The Role of the FcεRI β-Chain in Allergic Diseases

Abstract

The high affinity receptor for IgE, FcΕRI, is a multimeric surface receptor that is expressed exclusively as a tetramer on rodent cells, but exists as a tetramer or trimer on human cells. The tetrameric form is expressed on effector cells of allergic responses such as mast cells and basophils and is composed of an IgE-binding α-subunit, a β-subunit and a γ-subunit dimer. Complexes lacking the β-subunit are found on human antigen-presenting cells. On mast cells and basophils, FcΕRI is essential for IgE-mediated acute allergic reactions.
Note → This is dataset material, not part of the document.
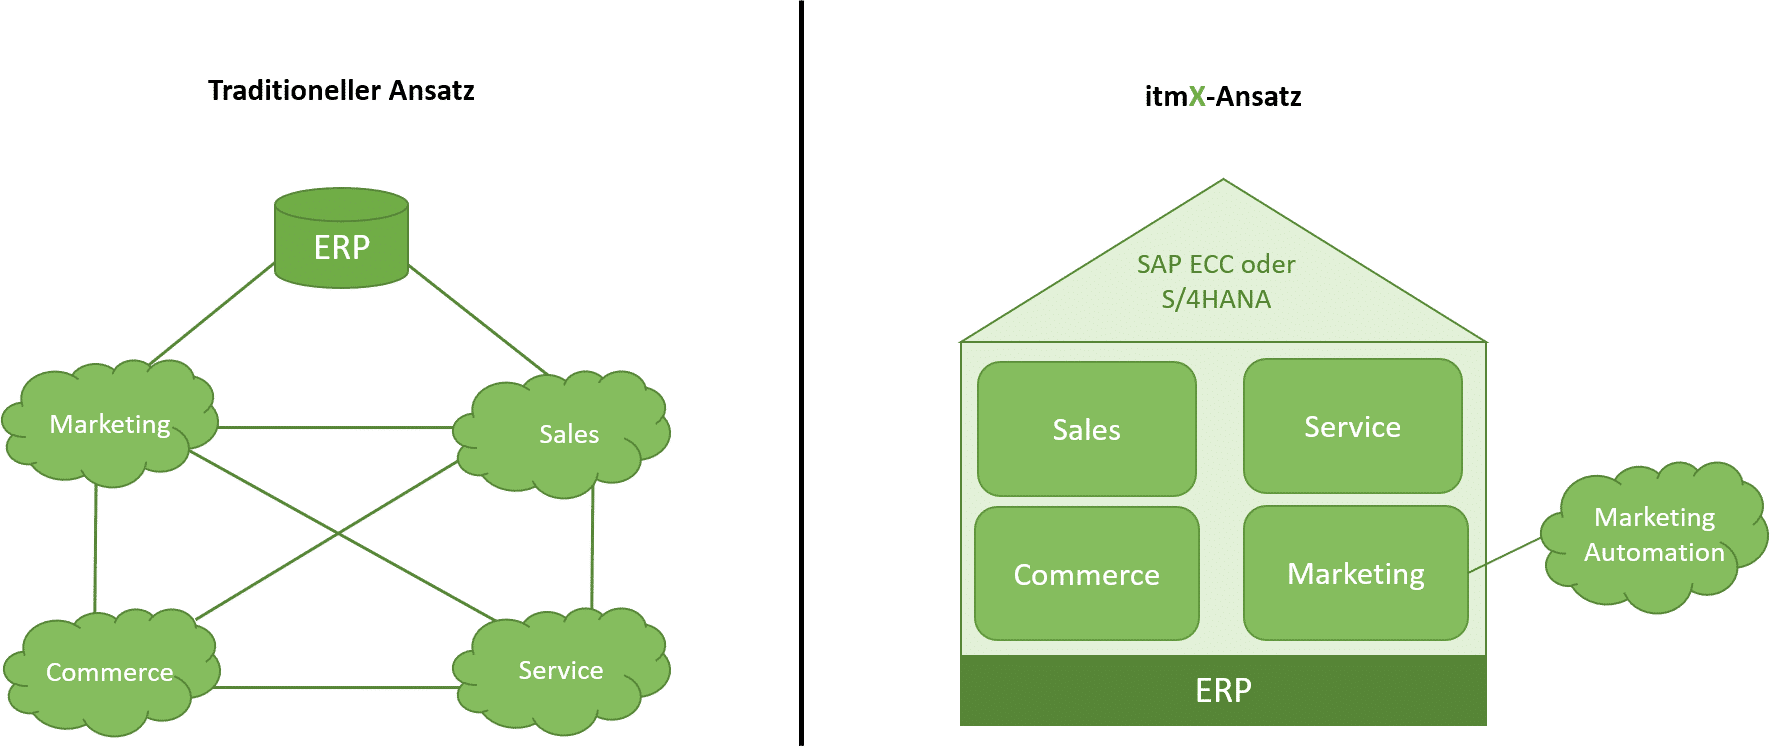 itmX integriertes CRM für SAP

Crosslinking of FcΕRI by IgE and multivalent antigen induces a signaling cascade that culminates in the release of preformed mediators and the synthesis of lipid mediators and cytokines. The β-subunit functions as an amplifier of FcΕRI expression and signaling. As a consequence, strongly enhanced mast cell effector functions and in vivo allergic reactions can be observed in the presence of FcΕRIβ. In contrast, a truncated β-isoform (βT) that is produced by alternative splicing acts as an inhibitor of FcΕRI surface expression. Thus, by producing two proteins with antagonistic functions, the FcΕRIβ gene could serve as a potent regulator of allergic responses. In addition, the genomic region encompassing the β-chain has been linked to atopy and a number of polymorphisms within the FcΕRIβ gene are associated with various atopic diseases. It remains to be elucidated how these polymorphisms might affect the allergic phenotype. These functions of the β-chain together with the described genetic linkages to atopy make it a candidate for a role in the pathophysiology of allergic diseases.